> **What you are asked to do**: The result should be an exact copy of only the lines from the one holding "WEIBO vs XROCK" through the last line of the data below, please, without pictures.

> **Material for this task**:
- Opening Delimiter -

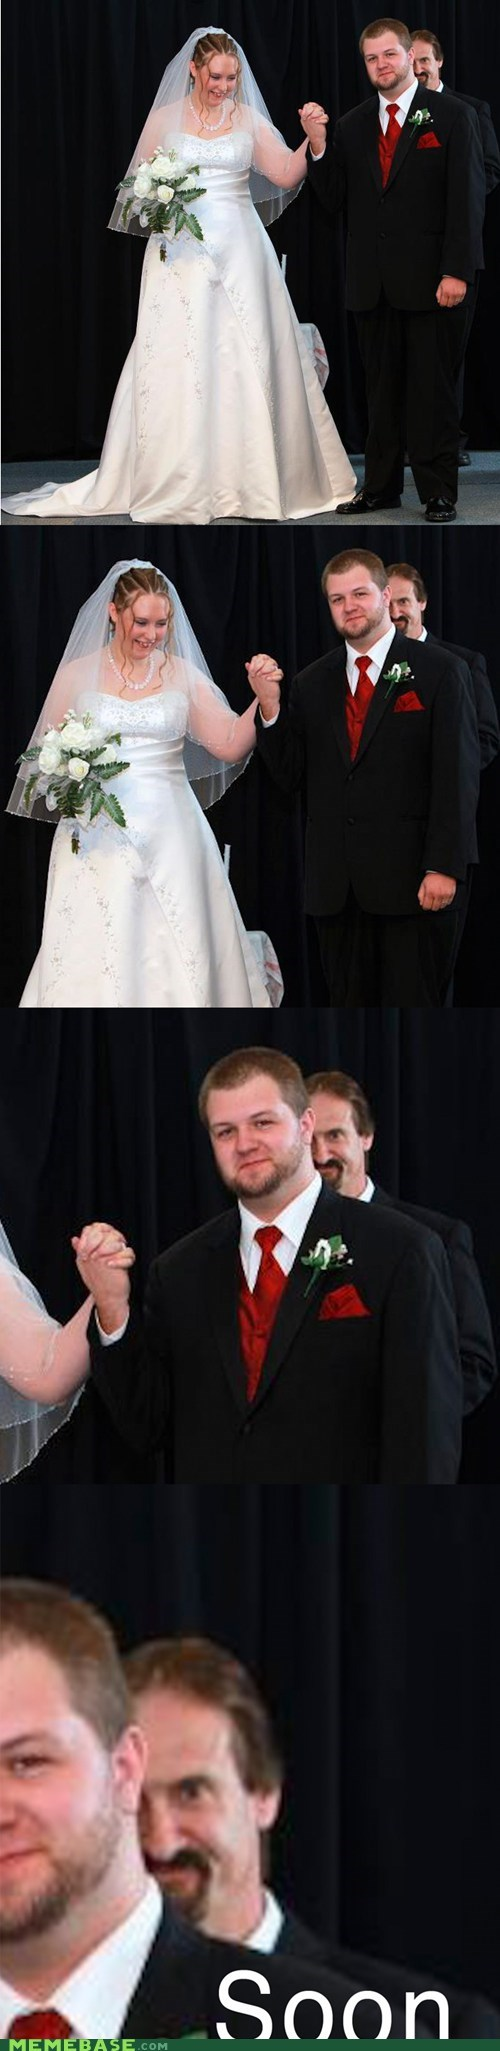 SOON photobombed weddings - 6461204992
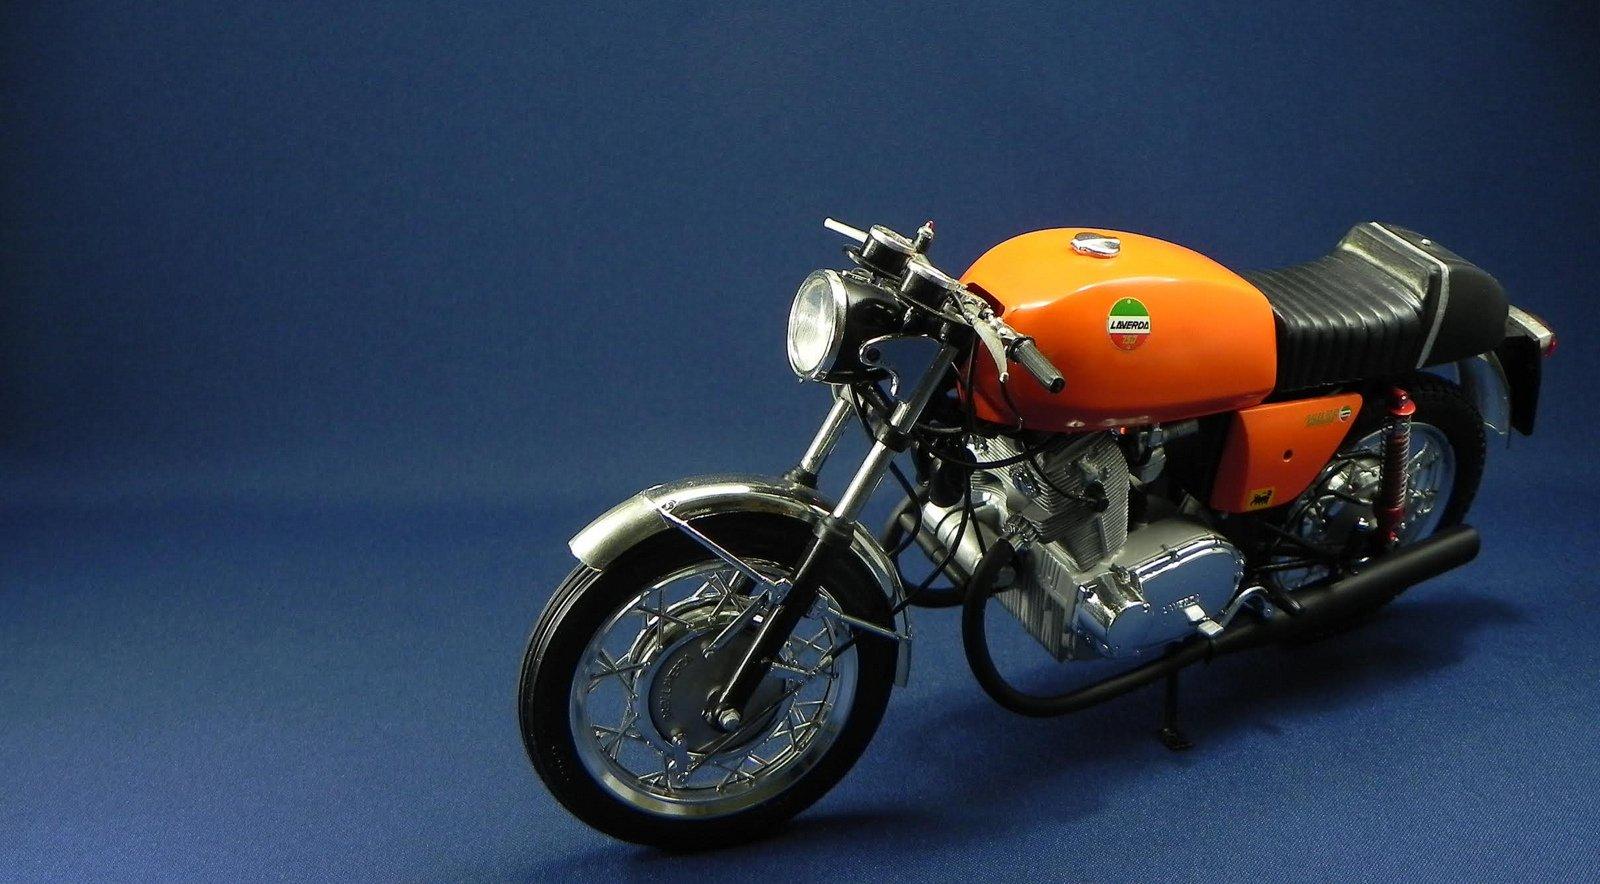 Motorcycle Hobby Scale Modeler
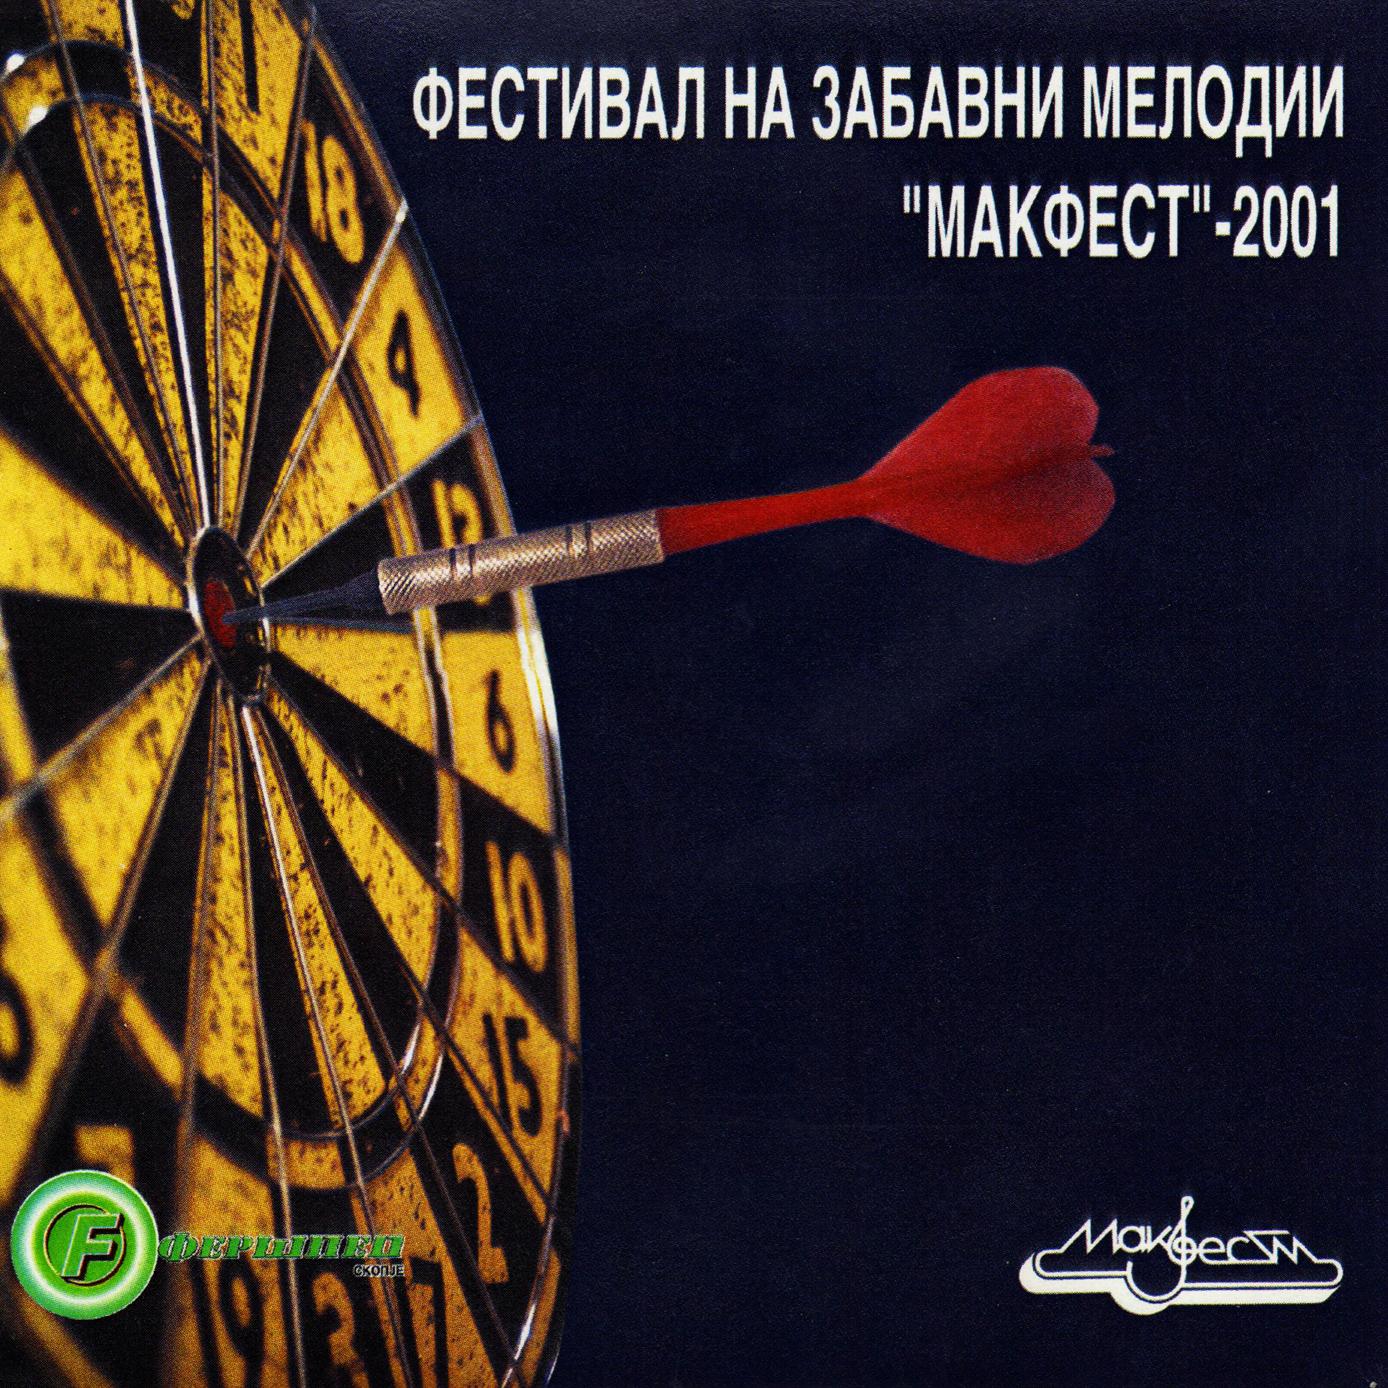 MAKFEST 2001
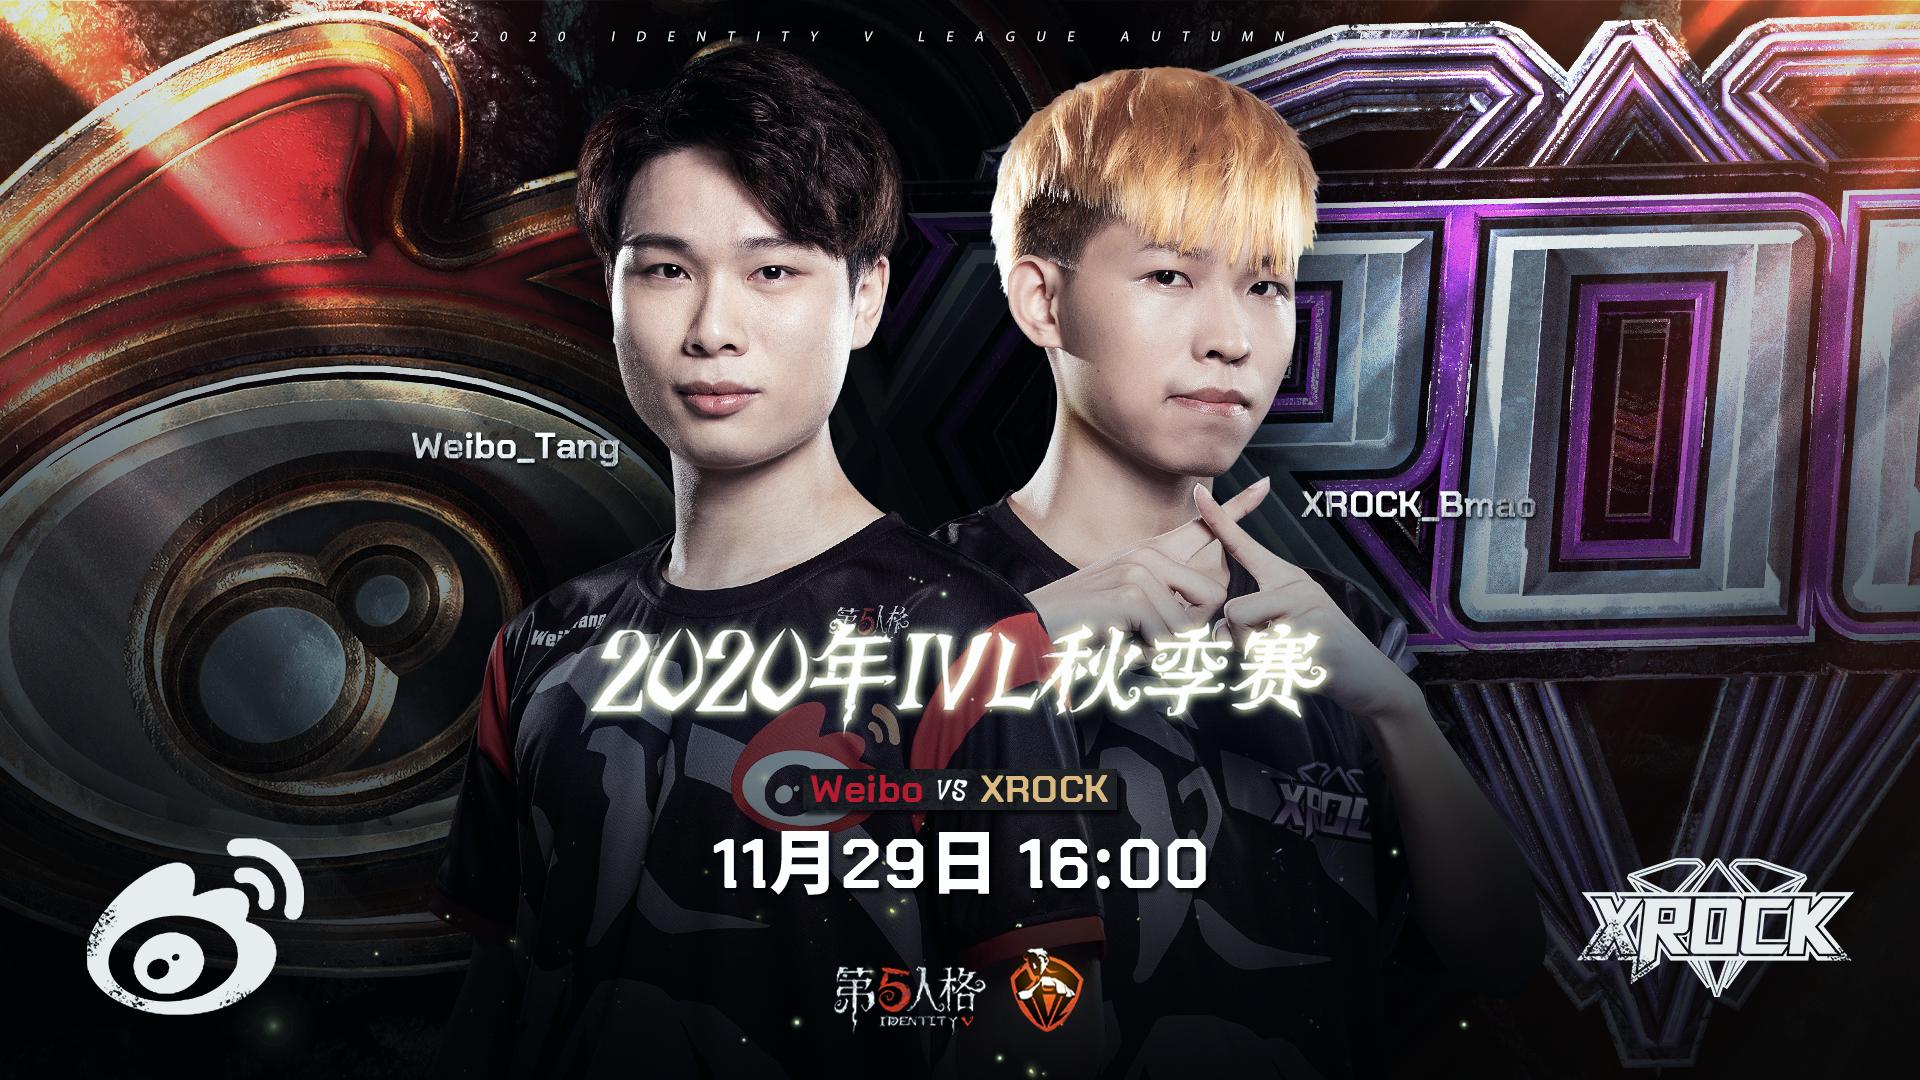 【2020IVL】秋季赛W4D5录像 WEIBO vs XROCK
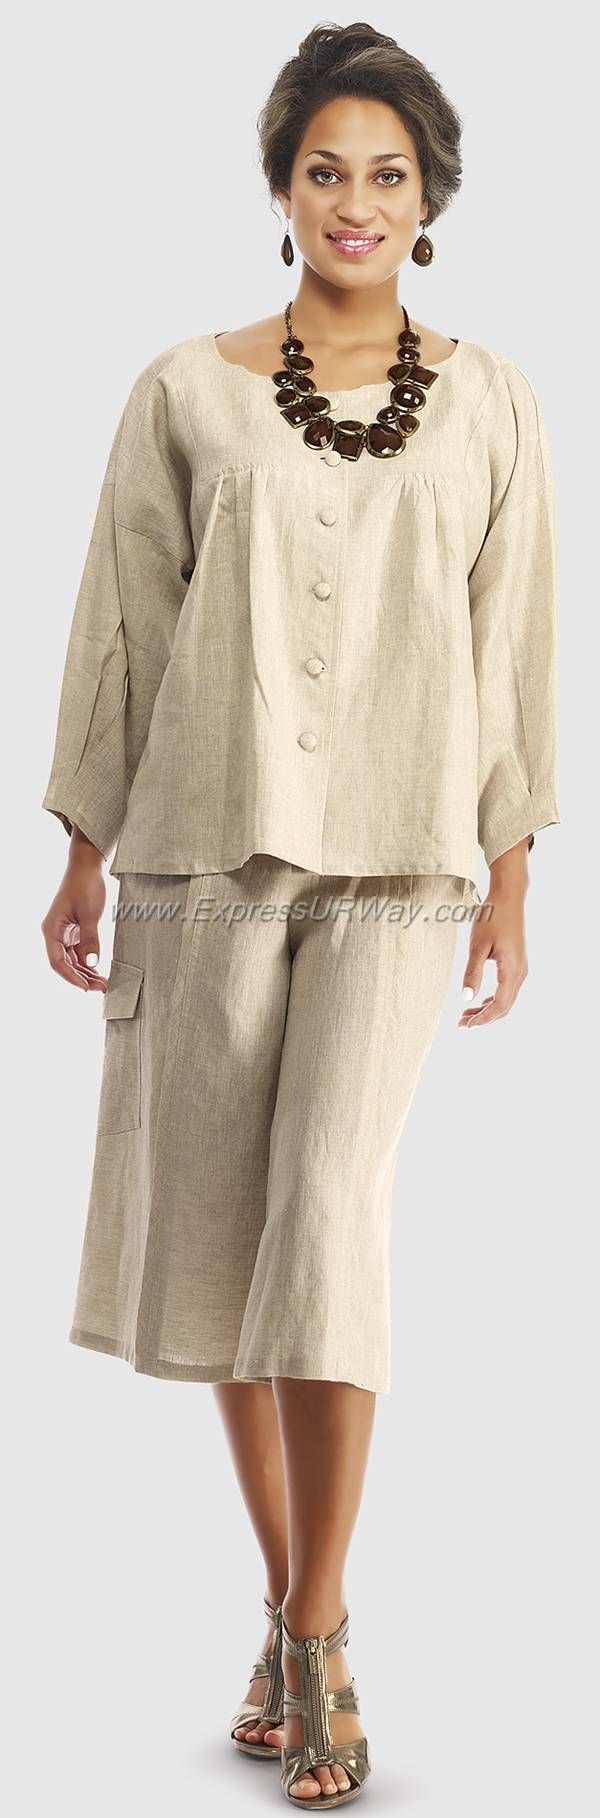 1000 images about clothesplus size clothing websites on
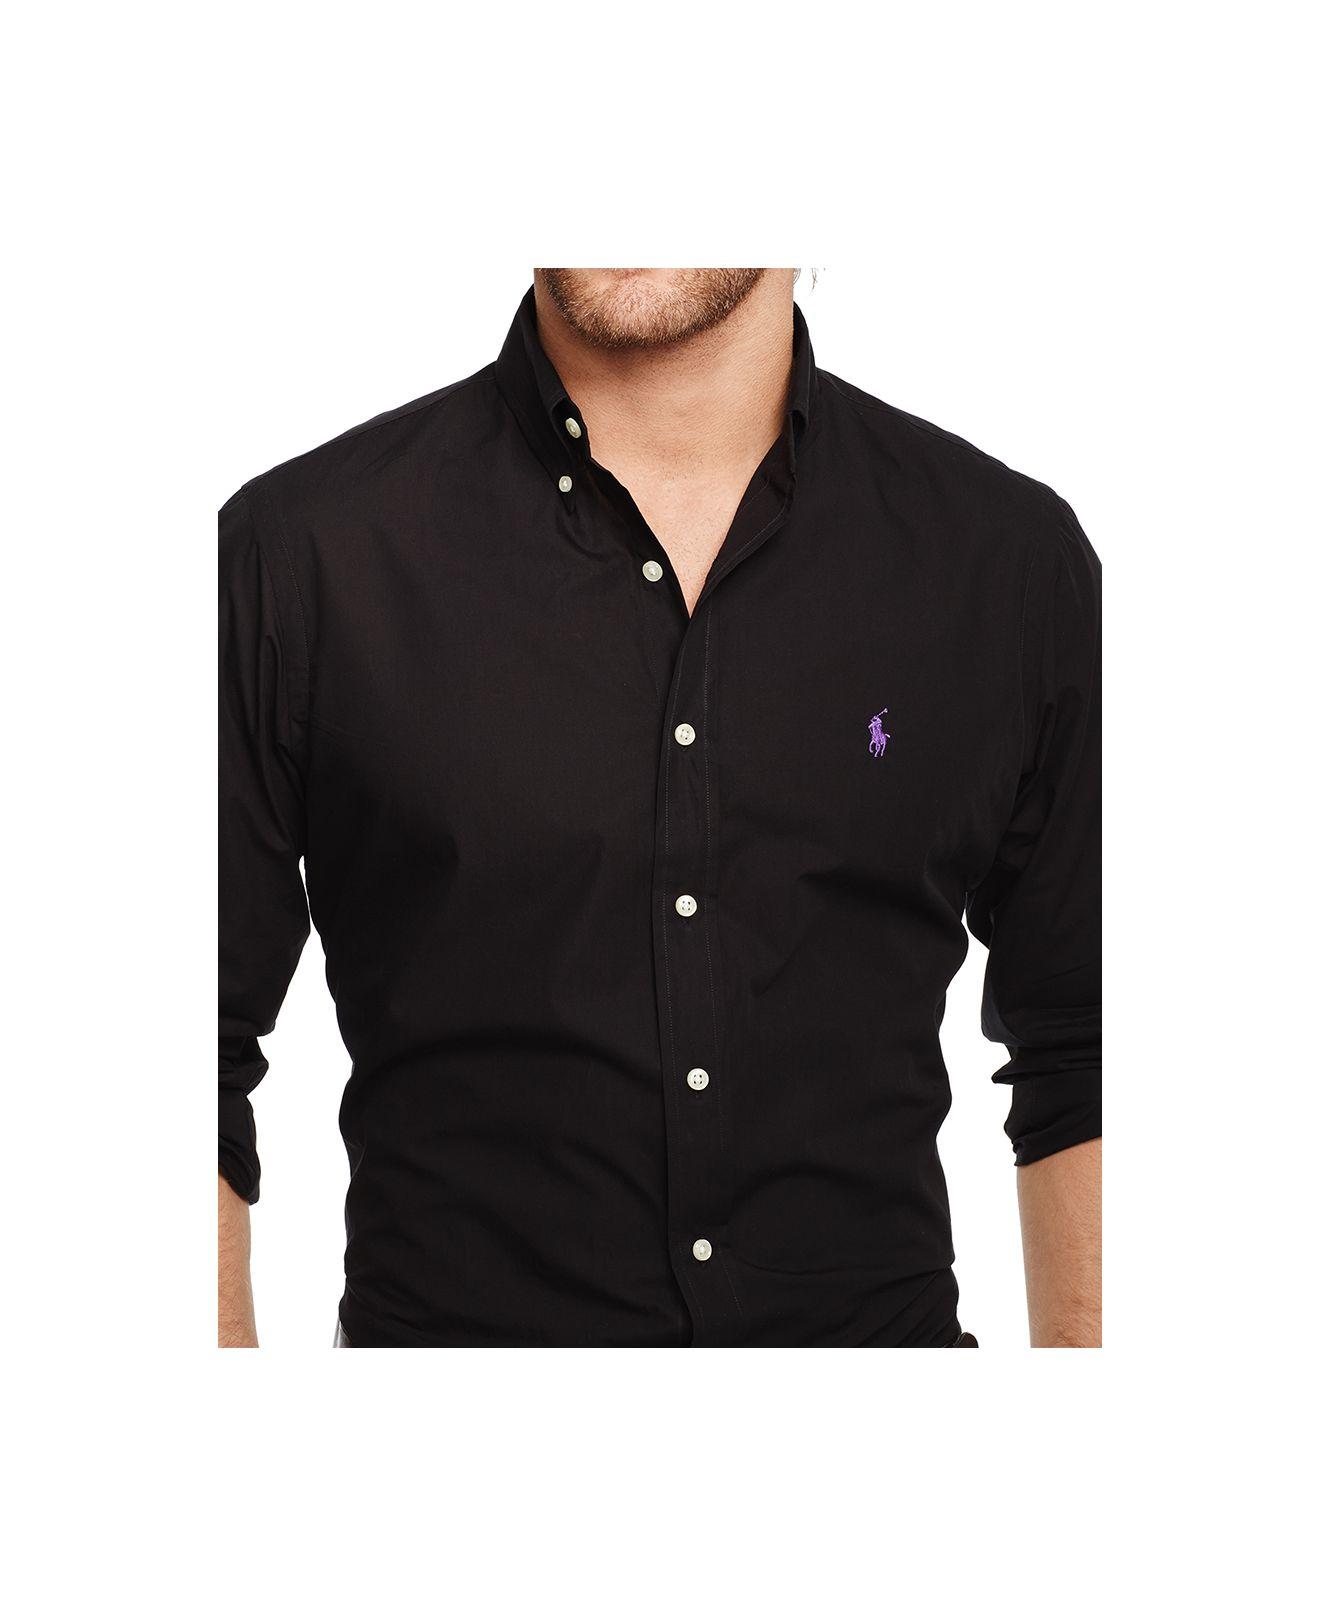 4e2492f1f9b ... discount lyst polo ralph lauren mens slim fit poplin shirt in black for  men d16de 67748

- Closing Delimiter -

> **Response to this exercise**:
 【2020IVL】秋季赛W4D5录像 WEIBO vs XROCK
 1000 images about clothesplus size clothing websites on
 4e2492f1f9b ... discount lyst polo ralph lauren mens slim fit poplin shirt in black for  men d16de 67748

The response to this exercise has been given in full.